Unnamed: 0,product_name,price,calories,carbs,fat,protein,fibre,sugar,sat_fat
0,rice,0.38,129,27.9,0.28,2.66,0.4,0.5,0.08
1,lean_gr_beef,1.43,230,0.0,12.0,14.0,0.0,0.0,4.7
2,broccoli,1.01,35,7.4,0.4,2.8,2.6,1.7,0.0


In [44]:
# assume that the following is my caloric goals for dinner
goals = {'calories': ['>500'],
                    'carbs ': ['>50'], 'fat (g)': ['<35'], 'protein (g)': ['>38'],
                    'fibre (g)': ['>7'], 'sugar (g)': ['<5'],'sat_fat (g)': ['<5']}
        
goals = pd.DataFrame(goals)
goals

Unnamed: 0,calories,carbs,fat (g),protein (g),fibre (g),sugar (g),sat_fat (g)
0,>500,>50,<35,>38,>7,<5,<5


In [88]:
# Create the problem variable to contain the problem data
model = LpProblem("Balanced Diet Problem", LpMinimize)
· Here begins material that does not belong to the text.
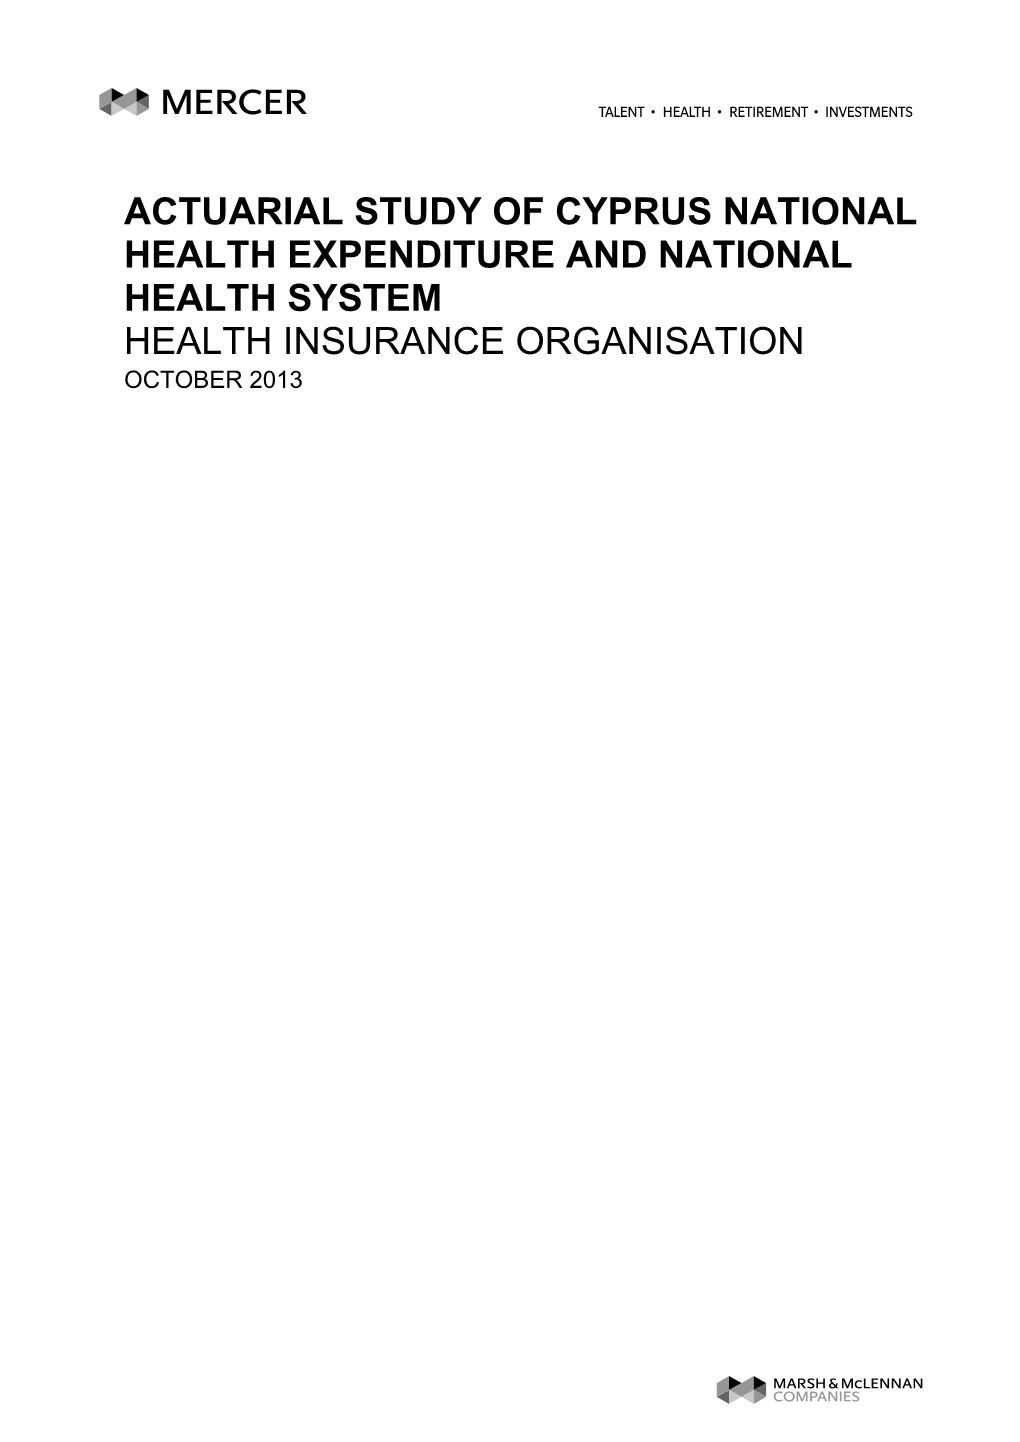 Actuarial Study of Cyprus National Health Expenditure and National Health System Health Insurance Organisation October 2013
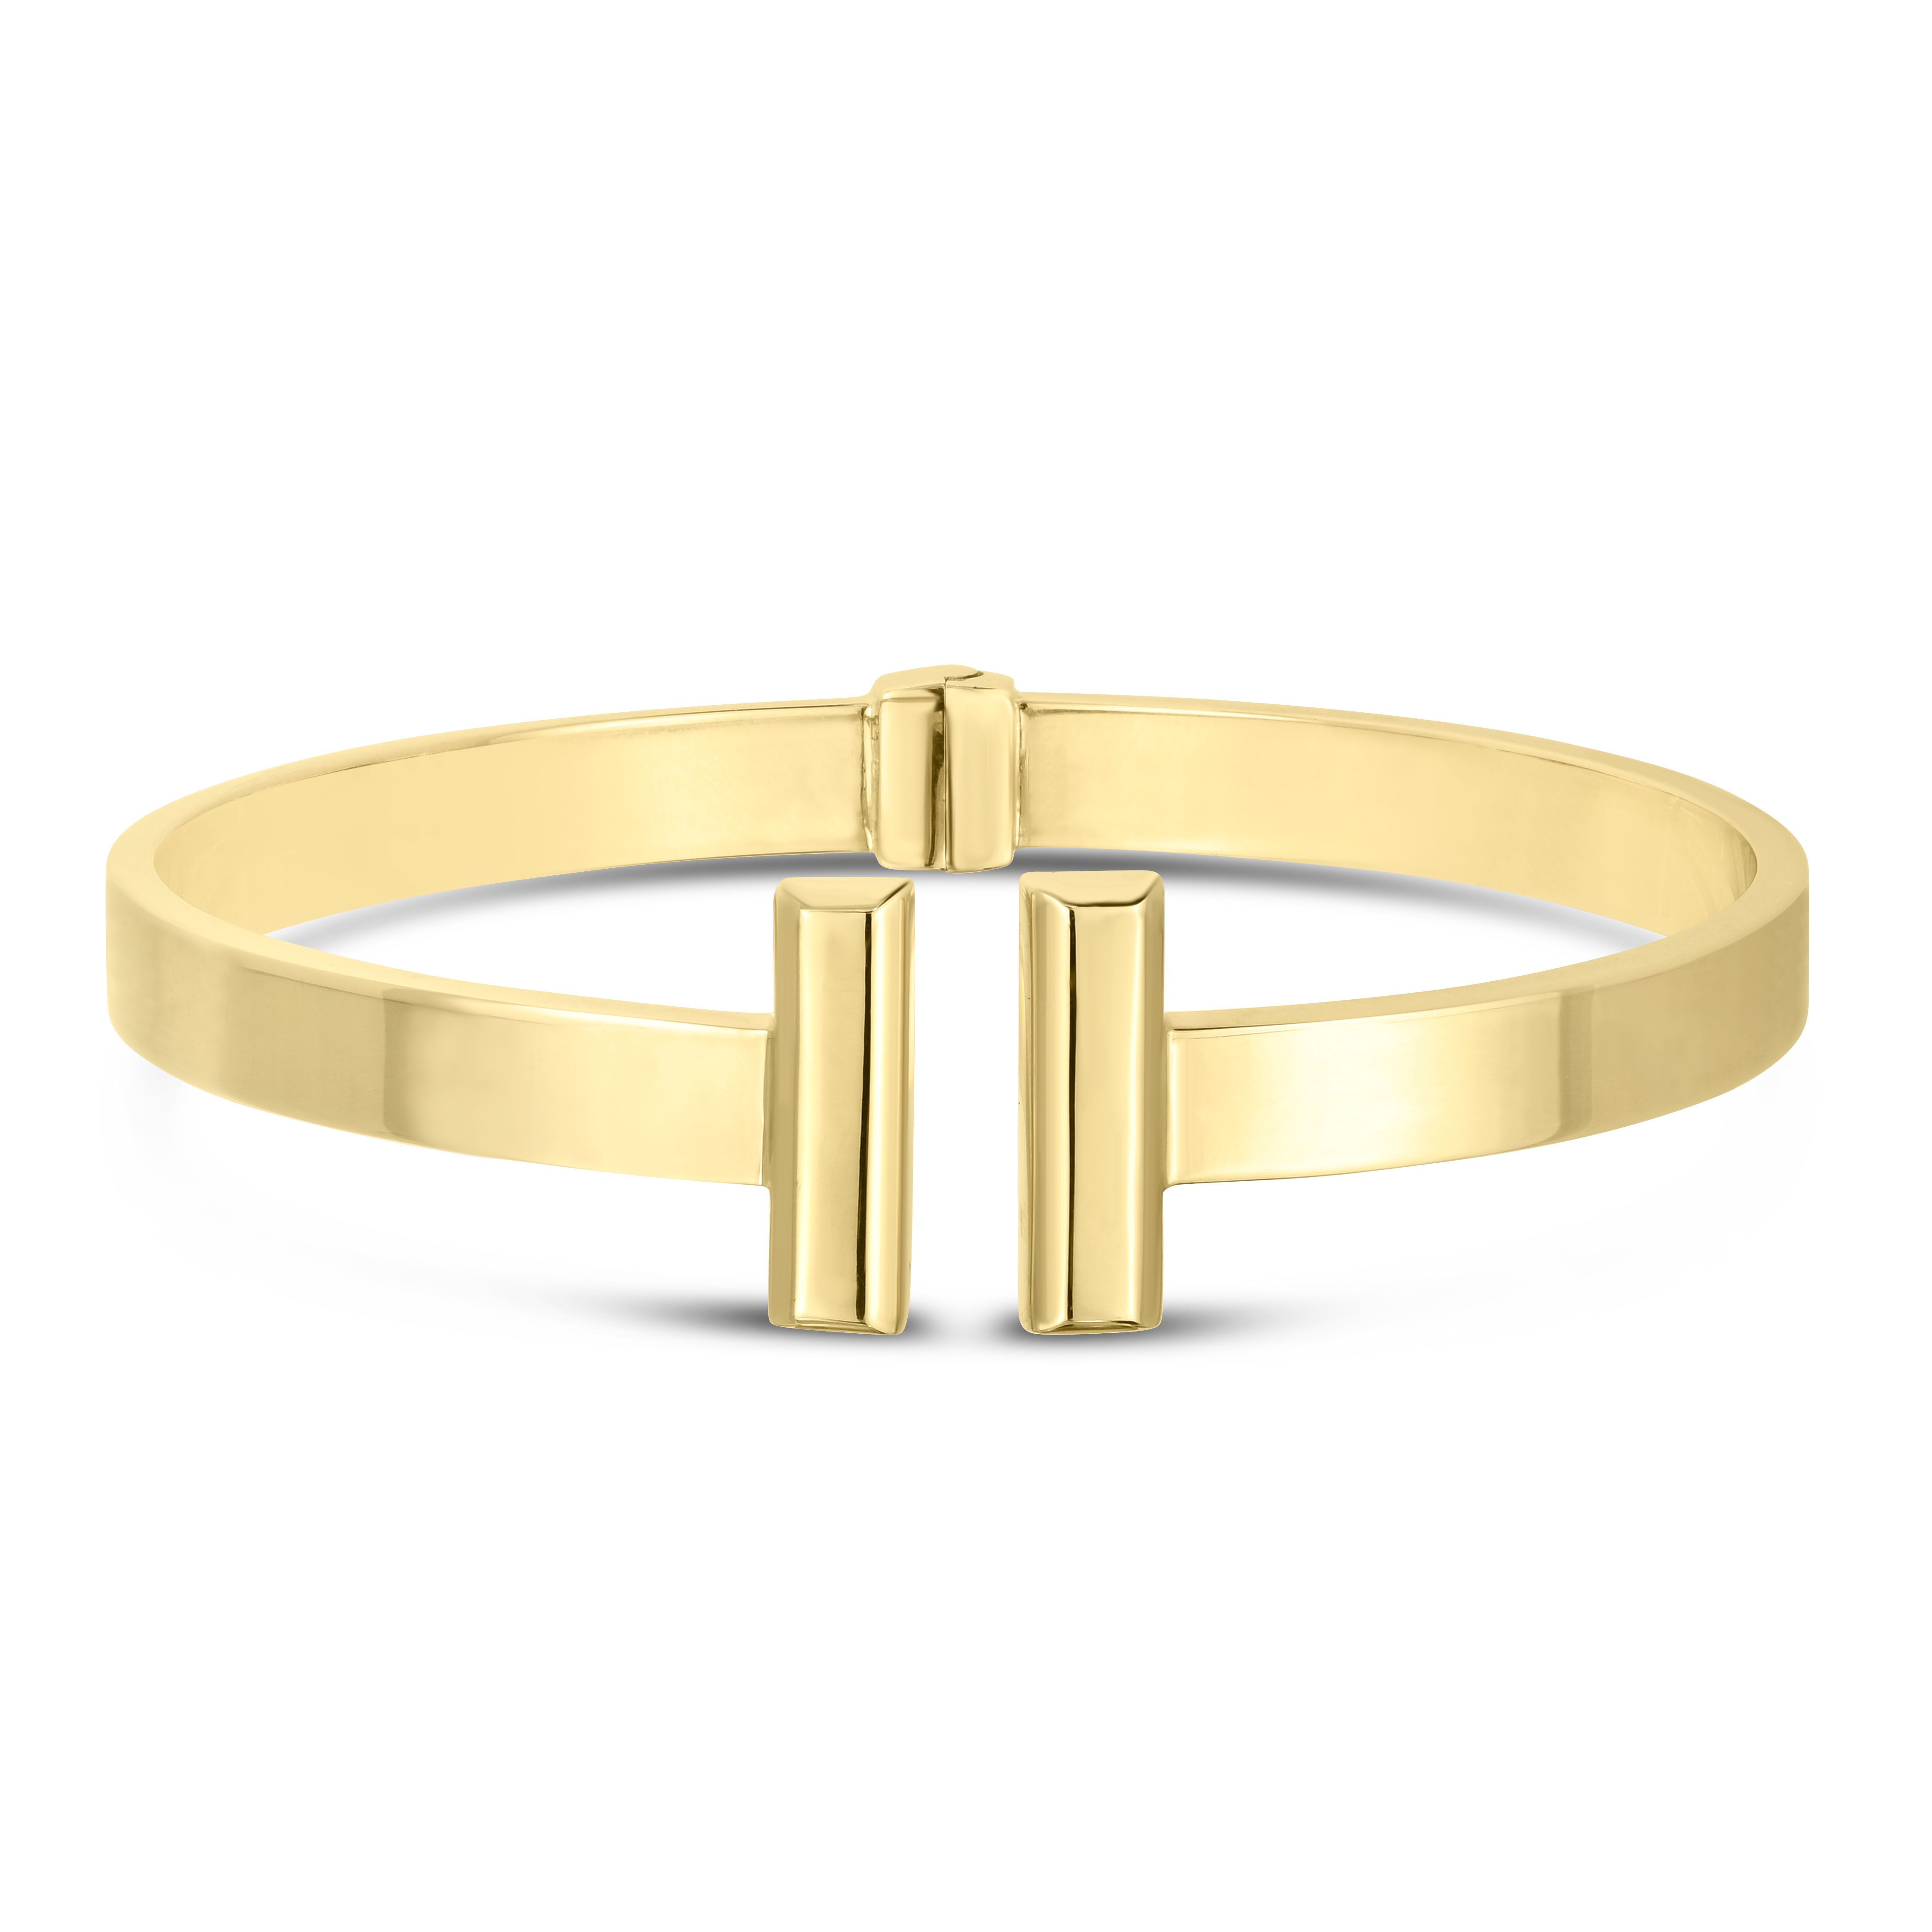 14k and 18k solid gold bracelet cuff with personalization – Praxis Jewelry

# Define Decision Variables
x1 = LpVariable(example_per_100g['product_name'][0], 0, 3, LpContinuous)
x2 = LpVariable(example_per_100g['product_name'][1], 0, 3, LpContinuous) 
x3 = LpVariable(example_per_100g['product_name'][2], 0, 3, LpContinuous) 

# Define Prices
price_1 = example_per_100g['price'][0]
price_2 = example_per_100g['price'][1]
price_3 = example_per_100g['price'][2]

# Define Objective
model += (price_1 * x1) + (price_2 * x2) + (price_3 * x3)

# Define Constraints
model += x1 + x2 + x3 <= 3 # we don't want our dinner ingredients exceeding 300g total

model += example_per_100g['calories'][0]*x1 + example_per_100g['calories'][1]*x2 + example_per_100g['calories'][2]*x3 >= 500 # Calories
model += example_per_100g['carbs'][0]*x1 + example_per_100g['carbs'][1]*x2 + example_per_100g['carbs'][2]*x3 >= 50 # Carbs
model += example_per_100g['fat'][0]*x1 + example_per_100g['fat'][1]*x2 + example_per_100g['fat'][2]*x3 <= 35 # Fat
model += example_per_100g['protein'][0]*x1 + example_per_100g['protein'][1]*x2 + example_per_100g['protein'][2]*x3 >= 38 # protein
model += example_per_100g['fibre'][0]*x1 + example_per_100g['fibre'][1]*x2 + example_per_100g['fibre'][2]*x3 >= 7 # fibre
model += example_per_100g['sugar'][0]*x1 + example_per_100g['sugar'][1]*x2 + example_per_100g['sugar'][2]*x3 <= 5 # sugar
model += example_per_100g['sat_fat'][0]*x1 + example_per_100g['sat_fat'][1]*x2 + example_per_100g['sat_fat'][2]*x3 <= 5 # sat_fat


# The problem is solved using PuLP's choice of Solver
model.solve()

# Print the variables optimized value
for v in model.variables():
    print(v.name, "=", v.varValue * 100, 'grams')
    
# The optimised objective function value is printed to the screen
print("Value of Objective Function (i.e. price) = ", value(model.objective))

broccoli = 311.07023 grams
lean_gr_beef = 260.88626 grams
rice = -271.95649 grams
Value of Objective Function (i.e. price) =  5.839048179000001


To be fixed --> the lower bound constraints of 0 for each ingredient seems to not be working --> to be fixed

Web scraping --> BeautifulSoup
- Walmart's own web scraping API --> does not scrape prices, but other info 
- perhaps useful for obtaining nutritional info though?